Anfangs wurden auch grundsätzliche Bedenken gegen die aktienrechtliche Zulässigkeit der D&O-Versicherung erhoben, da es dem mit der Organhaftung verbundenen Zweck der Schadensprävention entgegenstehe, wenn das schädigende Organmitglied durch die Gesellschaft auf dem Umweg über die Versicherung im Ergebnis haftungsfrei gestellt werde.4 Aber diese Bedenken sind verstummt, seit der Gesetzgeber durch die Einführung des obligatorischen Selbstbehalts in § 93 Abs. 2 S. 3 AktG im Jahre 2009 die D&O-Versicherung mittelbar legitimiert hat.

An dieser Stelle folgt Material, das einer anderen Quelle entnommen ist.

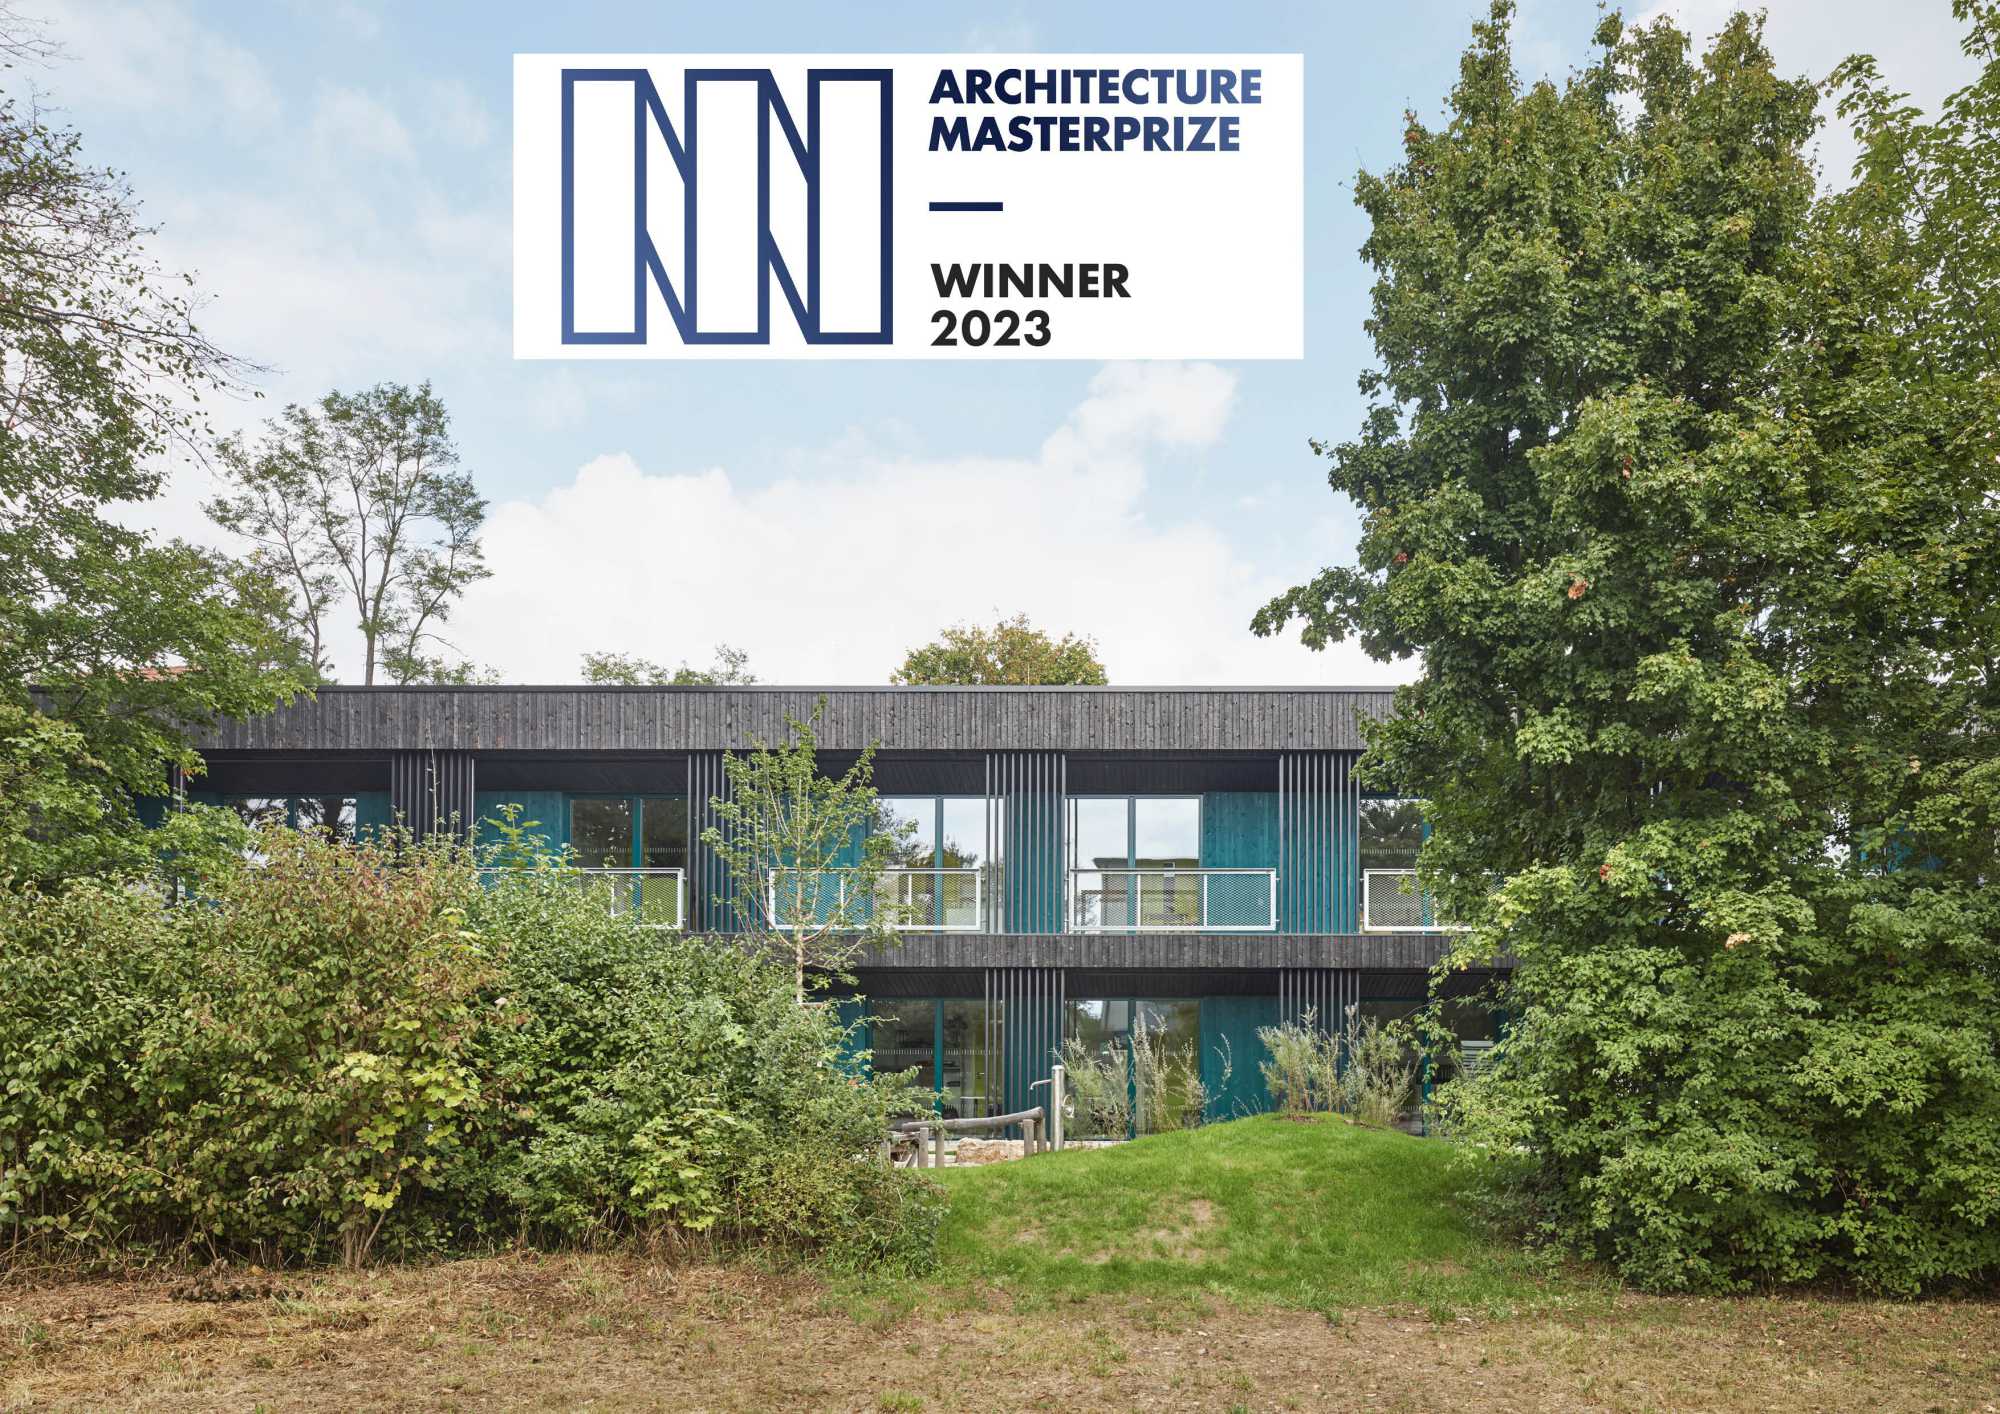 Neubau der Kindertagesstätte Sofie Haug erhält Auszeichnung des Architecture MasterPrize 2023 ({project_images:field_row_count})

Auch wenn somit aktienrechtlich die Zulässigkeit der unternehmensfinanzierten D&O-Versicherung gesichert ist, bleibt die Frage, ob es sich um einZHR 181 (2017) S. 737 (739) sinnvolles Schutzkonzept handelt. Zur Rechtfertigung werden häufig die folgenden Argumente genannt:5

– Die in den USA entwickelte D&O-Versicherung (directors and officers liability insurance) hat sich dort bewährt, und ein entsprechender Schutz sollte auch deutschen Vorständen und Aufsichtsräten nicht vorenthalten werden.6

  • Durch den Abschluss der Versicherung erhält das Unternehmen einen solventen “Schuldner”, wenn ihm durch ein Organmitglied ein Schaden zugefügt wird, für dessen Ausgleich das Vermögen des Organmitglieds im Zweifel nicht ausreicht.

  • Ohne D&O-Versicherung ist es kaum noch möglich, Führungskräfte als Organmitglieder zu rekrutieren.

  • Mit Hilfe der Absicherung durch die D&O-Versicherung wird die unternehmerische Risikobereitschaft der Organmitglieder, die für ein erfolgreiches Wirtschaften unverzichtbar ist, gestärkt.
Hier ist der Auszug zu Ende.